Production and Compounding

Author(s)

Phontep Wongkrasoe; Wongsathorn Padungsupalai

Why was it done?

Premixed customize CRRT solutions were compounded by sterile pharmacy.

What was done?

According to the medication management policy, CRRT solution was defined as
High Alert Drugs that require the independent double check throughout the
medication use system. Conventional methods (prepared by nurses) take many
risks and may affect the quality of ICU-patients care by spending more time
for preparing.

How was it done?

Nephrologists, nurses, and pharmacists made a consensus for standard
customized CRRT solution formulas and clarified the ordering (for physician),
dispensing (for pharmacist) and preparing (for nurse to add potassium)
instructions. The procedure for compounding CRRT solutions by sterile
pharmacy was established to optimize traceability aspects as a quality
assurance. With the large batch size compounding, we mockup the preliminary
batch to identify the risk and assure the consistency of compounding process.
Quality control was planned to measure electrolyte content and test sterility
at D0, D7 and D14 at room temperature and refrigerated storage.
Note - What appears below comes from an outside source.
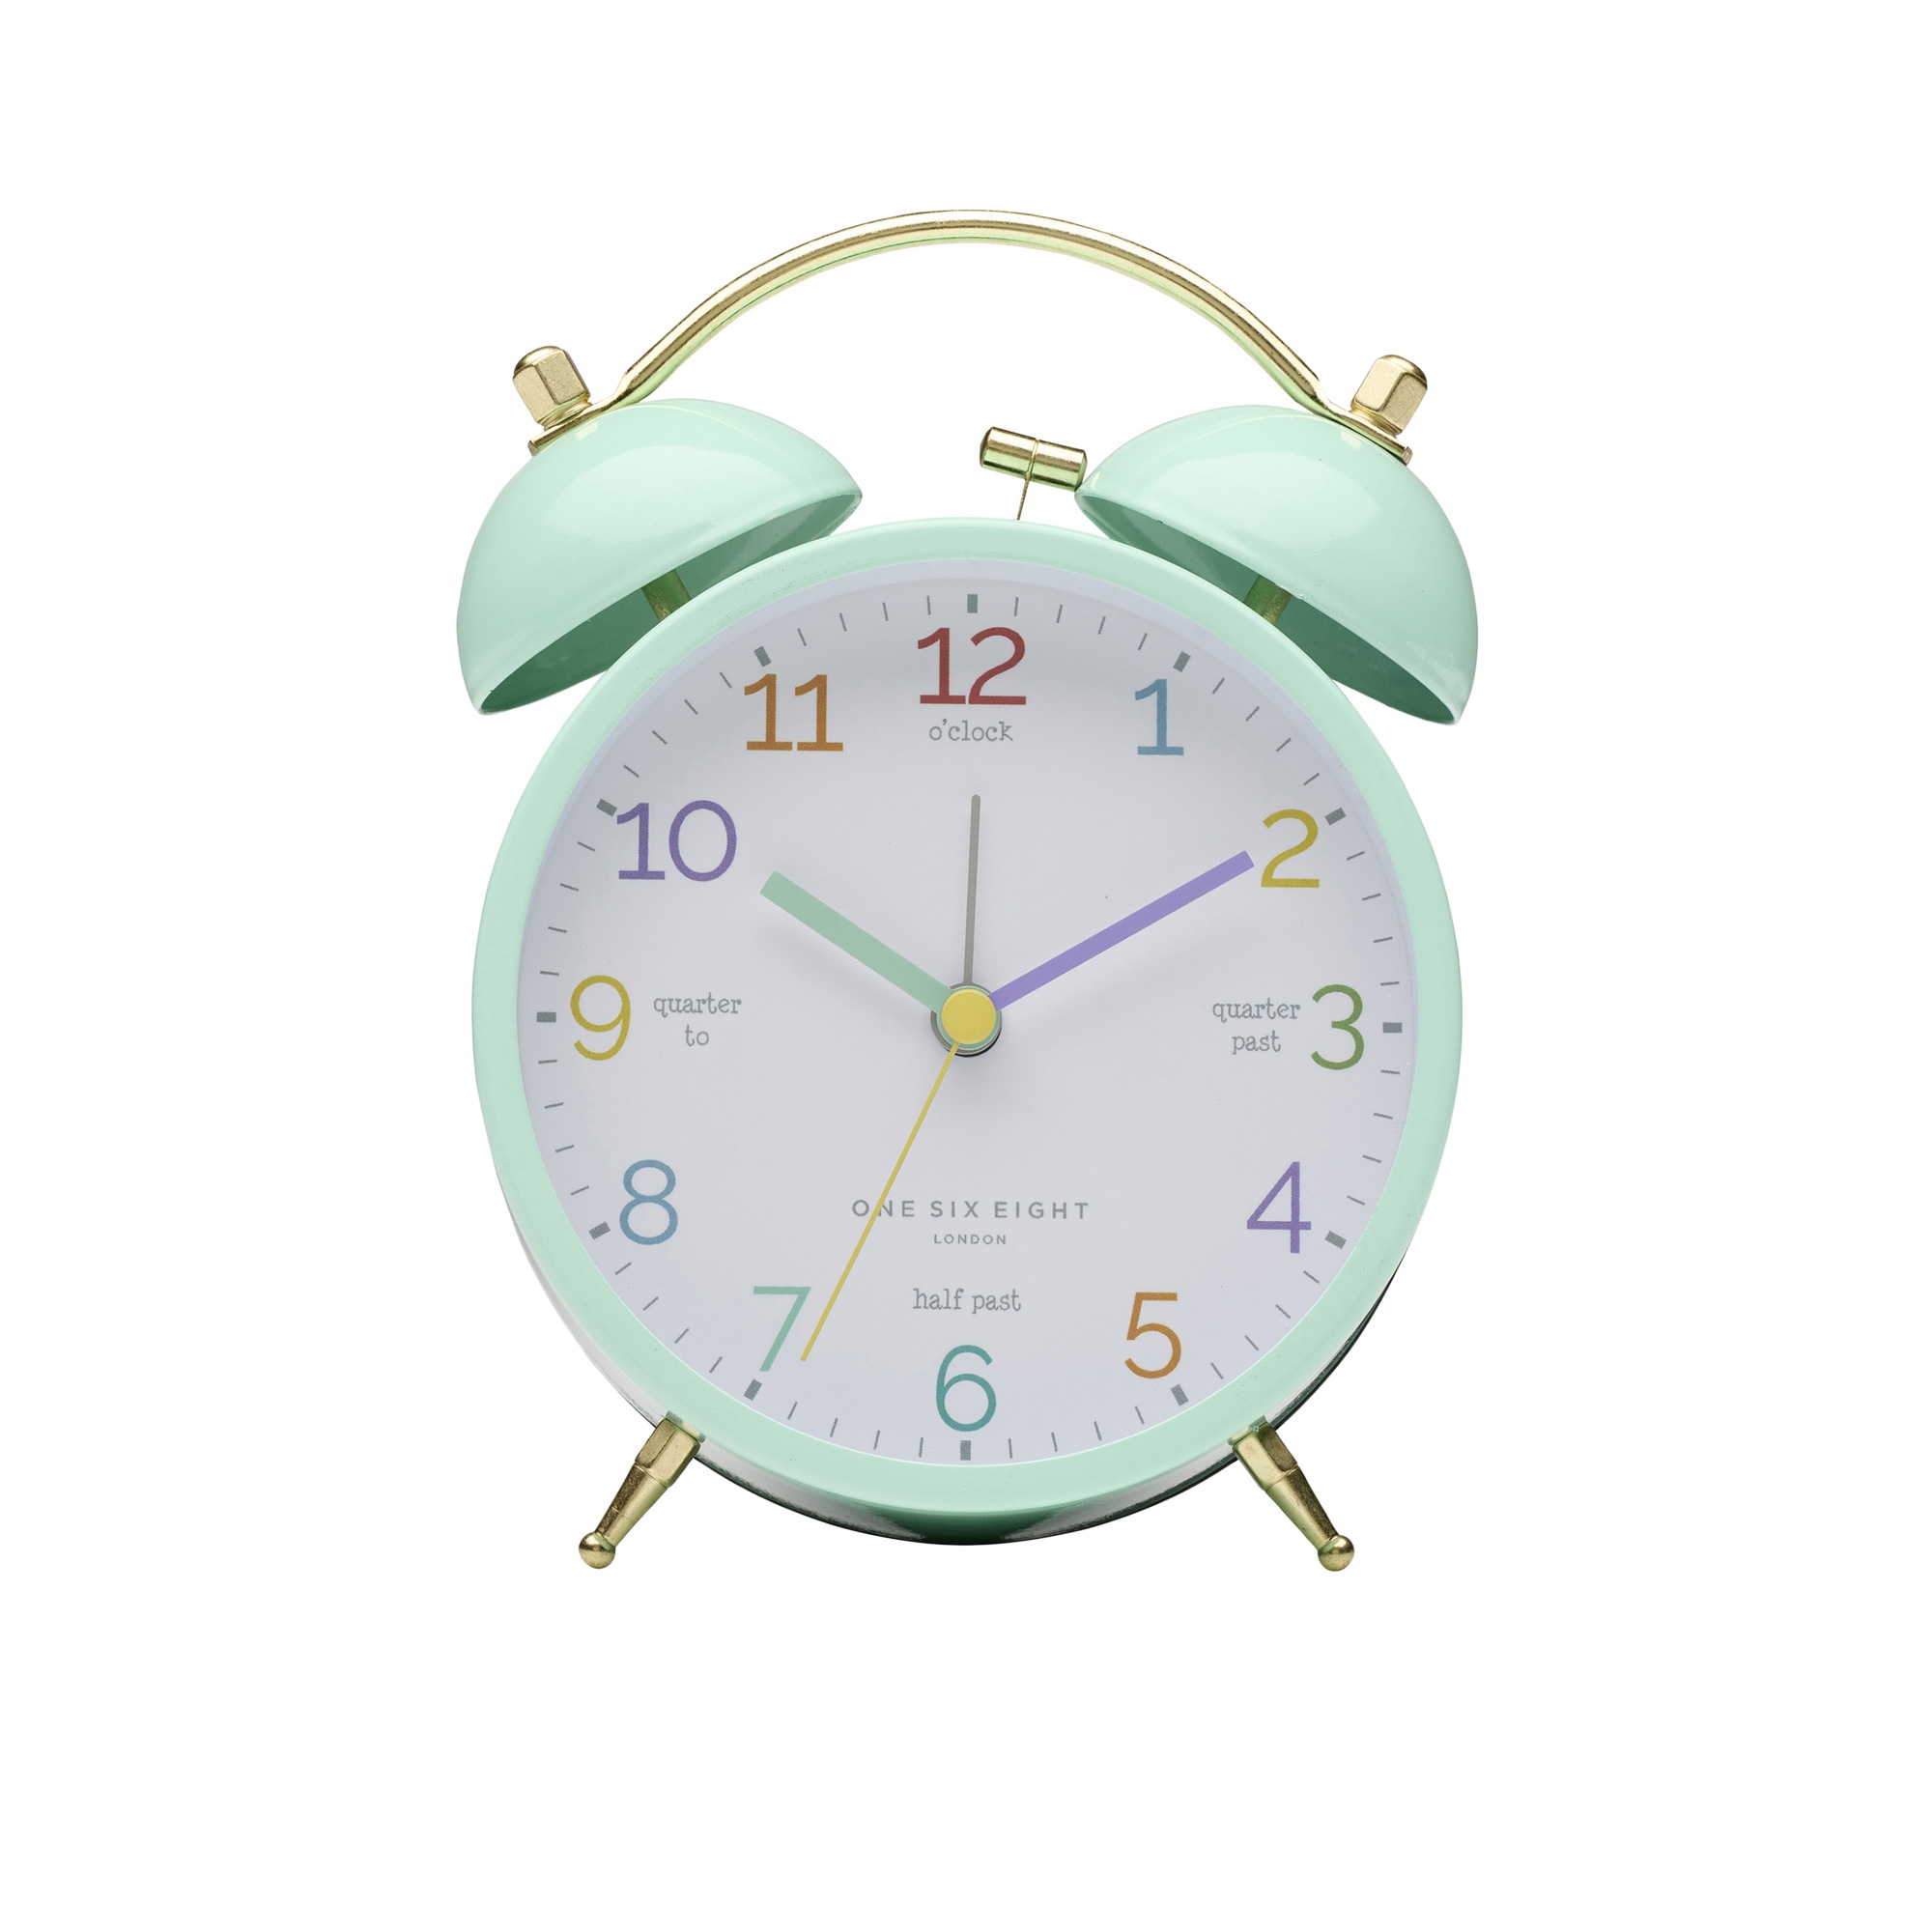 One Six Eight London Learn The Time Alarm Clock Green Image 1

After the
preliminary batch test was accepted, we started a pilot service in one ward
and reached the maximum service capacity at only one patient per day. The
pharmacists redesigned the compounding process, and the repeater pump was
introduced to increase capacity. Because the product was changed in total
volume from one liter to 1.2 liter, we conducted the preliminary batch test
again. Teams revised the ordering, dispensing, and preparing instructions and
expanded the service to 7 ICU wards.

What has been achieved?

We formulated 2 CRRT solutions in the name of “Chulasol-22 1.2 liter” and
“Chulasol-35 1.2 liter” with BUD 14 days at room temperature storage. The
results were (1) we can provide the CRRT solution for maximum 5 patients per
day compared to only one patient per day in the initial period, (2) the cost
of pharmacy compounded solution was much lower than conventional method or
comparable commercial solution and (3) most nurses (91%) were satisfied in
product quality and had more time for patient care.

What next?

The success of this model was a multidisciplinary engagement that resulted in
improvement of patient care. We use this model in other services such as pain
preparations and eye preparations.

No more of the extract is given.